Isn't that dealt with by running a non-profit? "Churches, charities and other non-profits are also exempt."
If you need a a commercial company to make money before handing it over, here in the UK it is common to set that up as a subsidiary of the non-profit. Charities do it all the time, a subsidiary company runs the charity shops, and gives the profit to the parent charity. This allows the shops to be run more like a commercial operation, with fewer constraints than a charity is required to follow, then when the money is handed up to the charity those constraints apply to how it is spent or distributed to other charities.
Most of the value gains of companies in the current economy occur before a company IPO's and shares are available to the general public. If regular people are to be able to invest successfully then they will need access to invest in those companies. The JOBS act tried to help facilitate this, but by making it easier for companies to wait to IPO, it seems to have just made it easier for accredited investors to reap the benefits of their special status for even longer periods of time. While this law may help with shutting down some corrupt entities, I fear it will prevent many new possible ways for normal people to invest in the last remaining sector of the economy producing any decent returns. Would an ETF of a large number of start-ups be allowed under this law?
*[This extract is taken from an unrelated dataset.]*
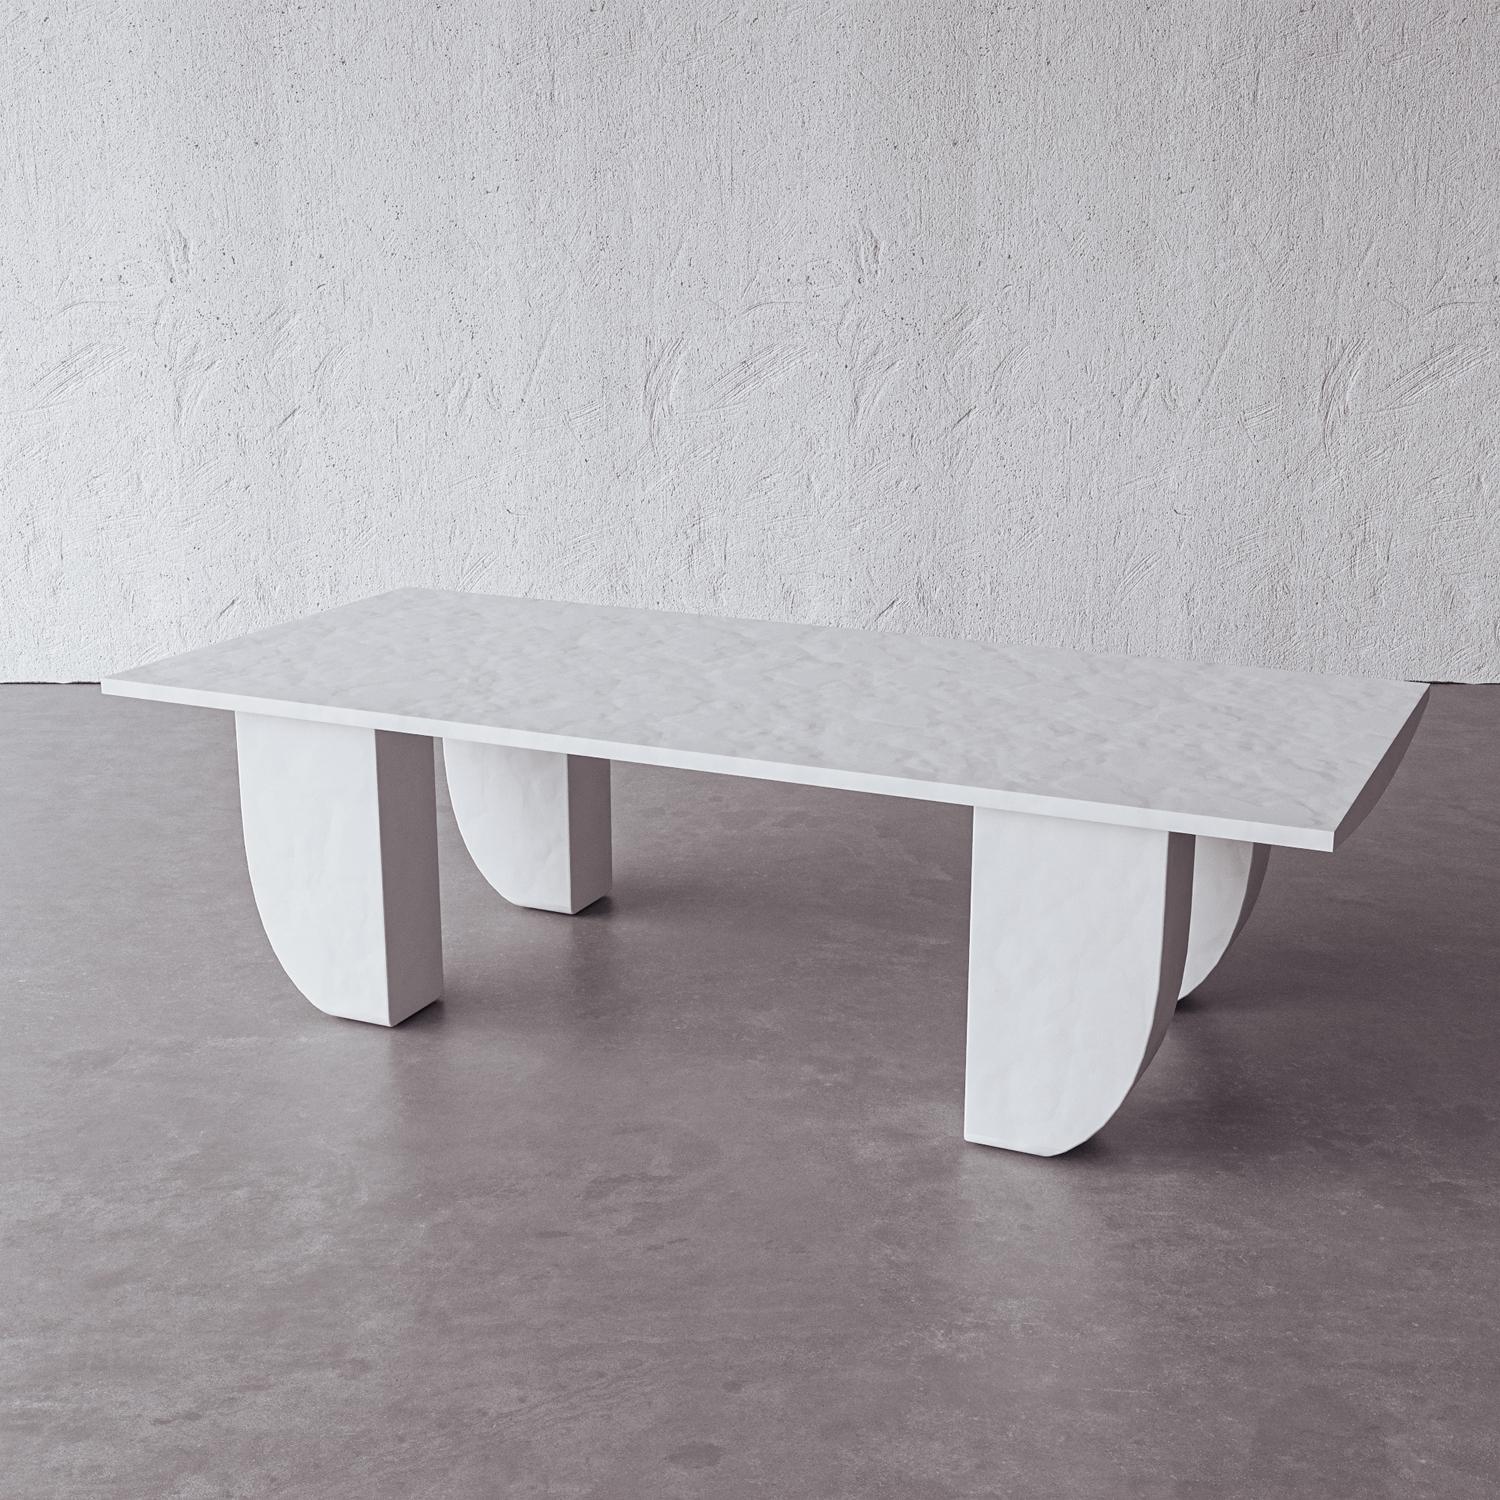 Sculpted in plaster, arced legs support a hand-cast rectangular top in this geometric, modern cocktail table. Handmade by artisans in Vietnam, the simple white surface complements a decorative interior and provides a blank space for collectible

Also, attaching a bunch of non related stuff to huge bills like defense appropriation is really an annoying to me, but I guess that is how the sausage gets made.
> non related stuff to huge bills like defense appropriation
An inspiration for this bill was mitigating circumvention of the Magnitsky Act. Americans using shell companies may evade taxes. Foreign entities using shell companies may evade our counterintelligence.
> Americans using shell companies may evade taxes. Foreign entities using shell companies may evade our counterintelligence.
Americans use incorporated entities to buy assets to limit their personal or corporate liability in operating businesses. This requires all of those to be queried for beneficial ownership - for what reason?
Anonymous Shell corporations is being used synonymously with legitimate holding companies because it markets the cause well - greater tracking on who owns what.
That’s quite a large assumption on who would win those battles - and further how they really have to be enforced - pen mightier than the sword, or some such.
Btw - fun ‘spar.’ I respect your thinking, just disagree slightly
This is great (and thanks!), but if congress really cared about this stuff, they would have big teams at the IRS working on tracing sophisticated money laundering. As it is, those teams are underfunded, headed by revolving doors of people, and threatened whenever they do something bigcos don't like.
Cool. Ive always wanted to ask this to someone in the us. I am from India and here the government department that manages companies has rules put in where all companies necessarily put all directorships as public info. Same for an interesting idea. You cannot have more than two layers of companies. A bunch of people cannot form a company and then buy/setup a subsidiary below it beyond 2 levels. Same for each human director lists all directorships in all companies.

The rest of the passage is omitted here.